Task item:
Everything below from the line with "Мираторг Dental Care" through the line with "Malıköy Köyü internet" should be copied exactly, and nothing else; leave out the pictures.

Information supplied:

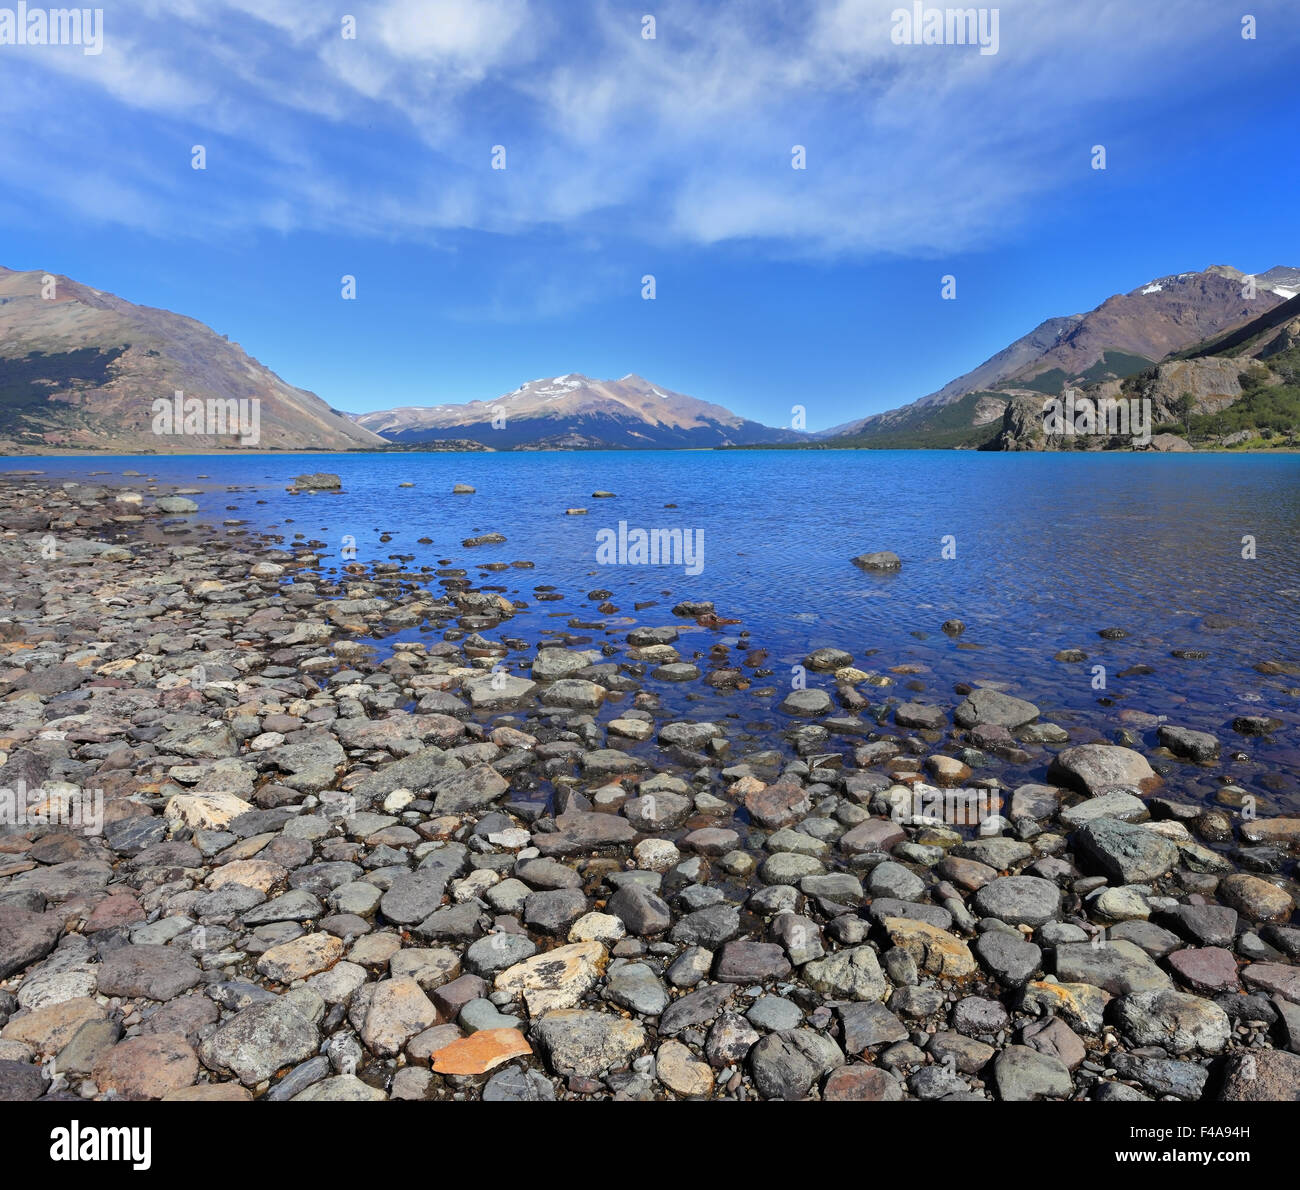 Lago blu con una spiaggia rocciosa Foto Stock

---

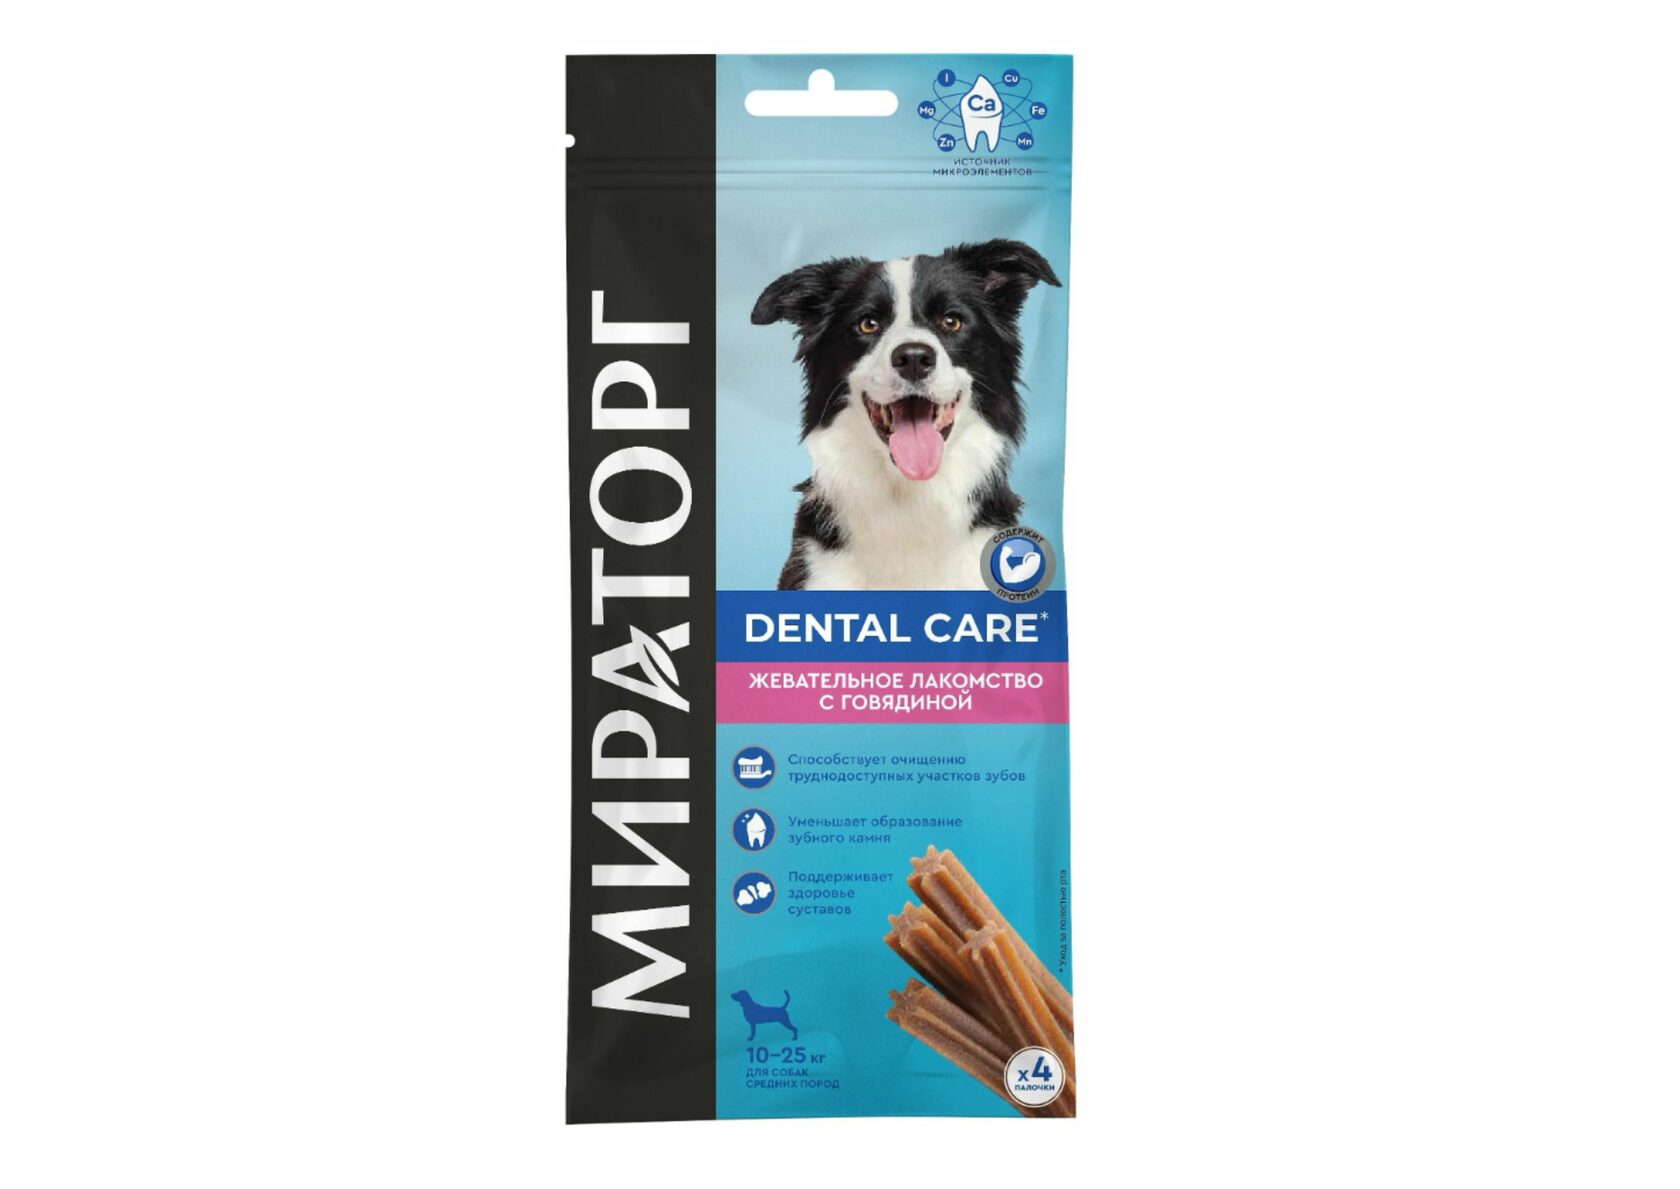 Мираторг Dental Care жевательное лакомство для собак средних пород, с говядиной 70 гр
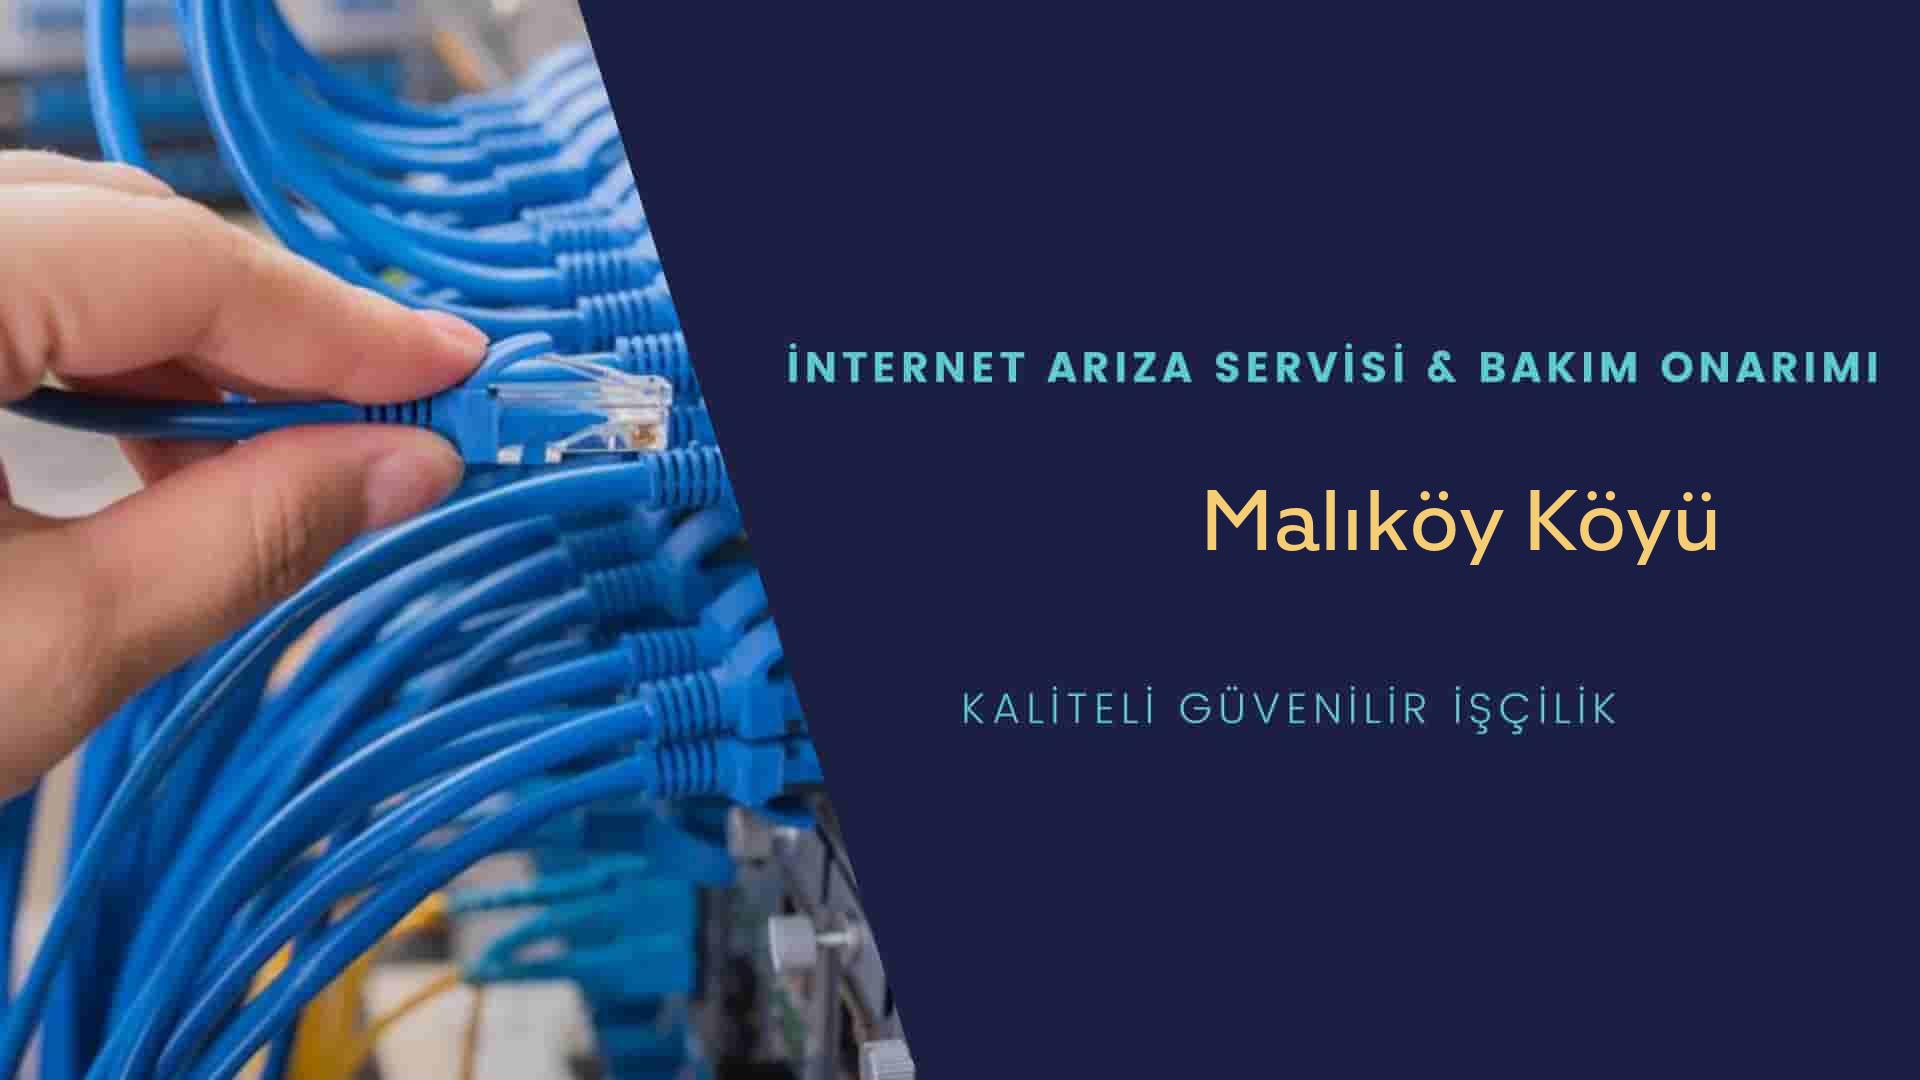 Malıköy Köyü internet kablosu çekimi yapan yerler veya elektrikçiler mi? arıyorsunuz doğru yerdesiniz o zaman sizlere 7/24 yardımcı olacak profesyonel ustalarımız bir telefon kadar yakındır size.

...

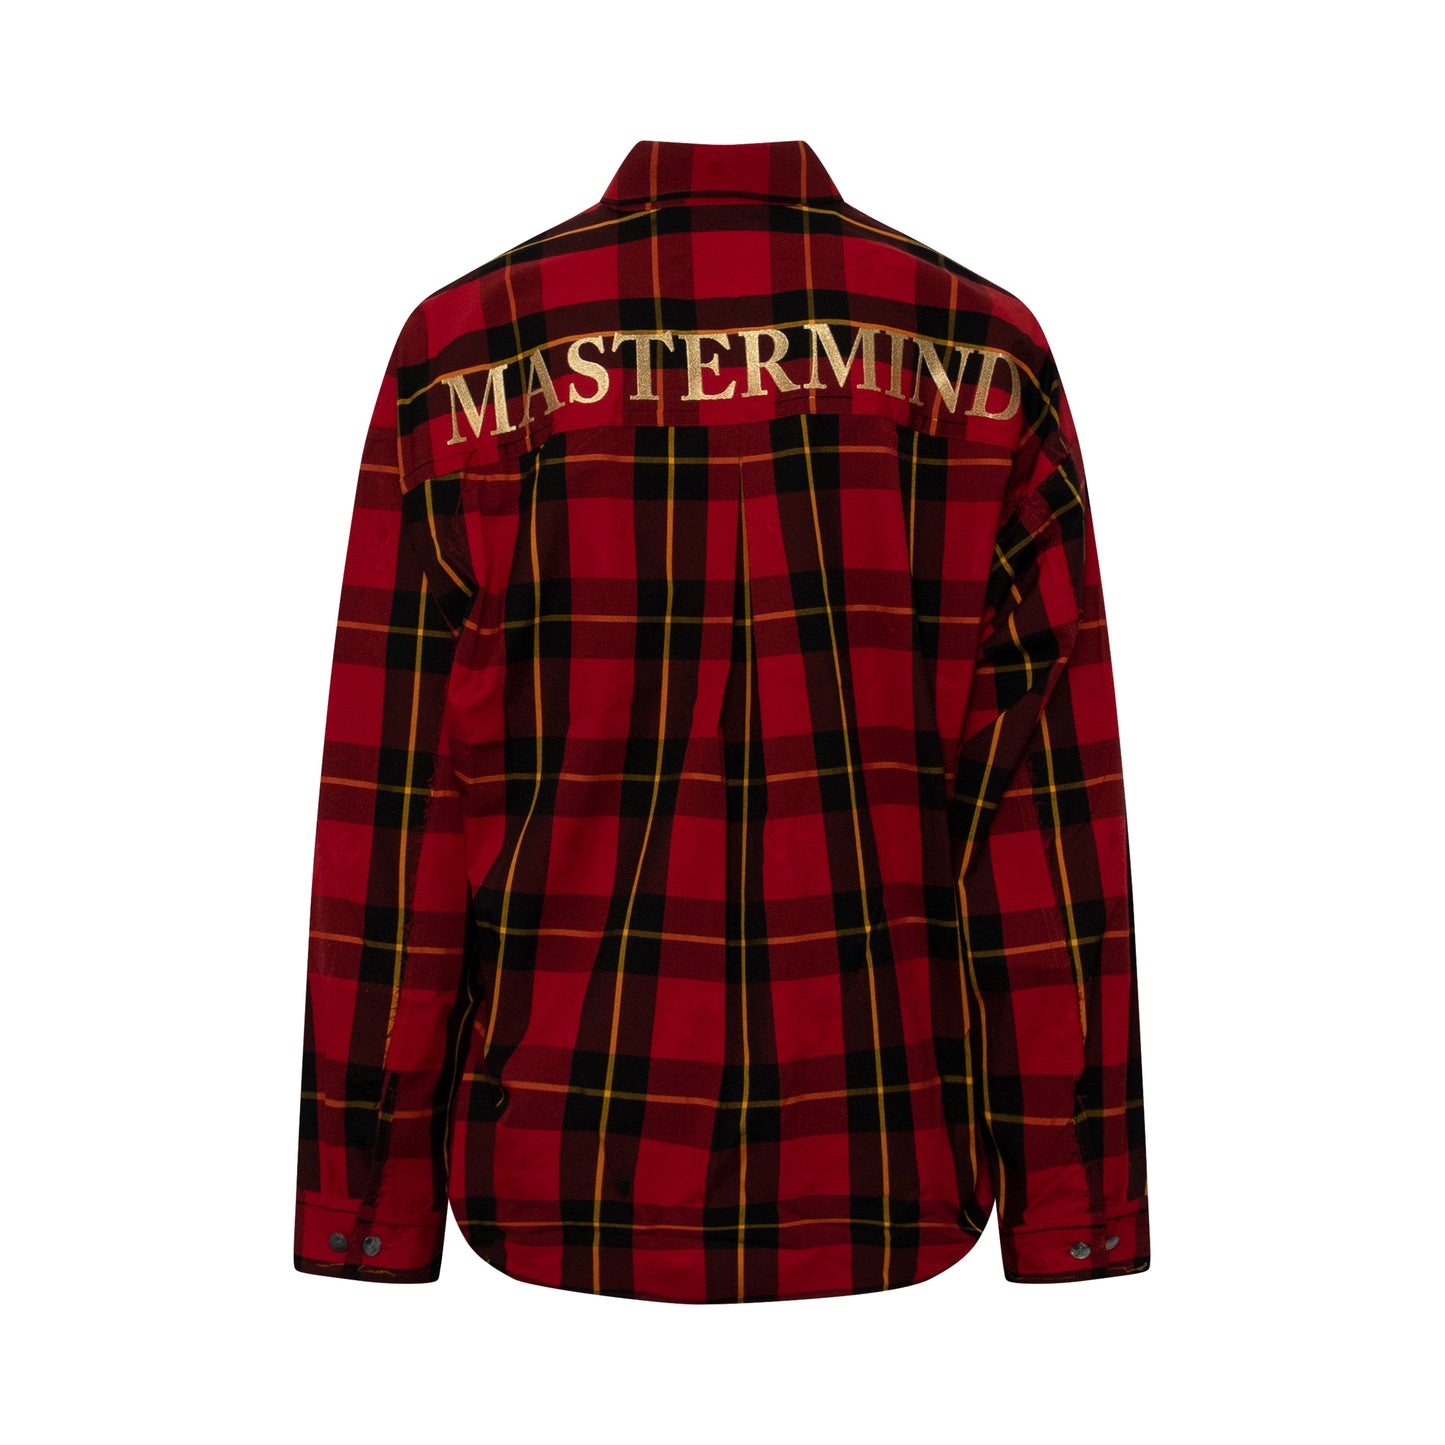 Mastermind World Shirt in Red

Answer to the exercise:
 Мираторг Dental Care жевательное лакомство для собак средних пород, с говядиной 70 гр
 Malıköy Köyü internet kablosu çekimi yapan yerler veya elektrikçiler mi? arıyorsunuz doğru yerdesiniz o zaman sizlere 7/24 yardımcı olacak profesyonel ustalarımız bir telefon kadar yakındır size.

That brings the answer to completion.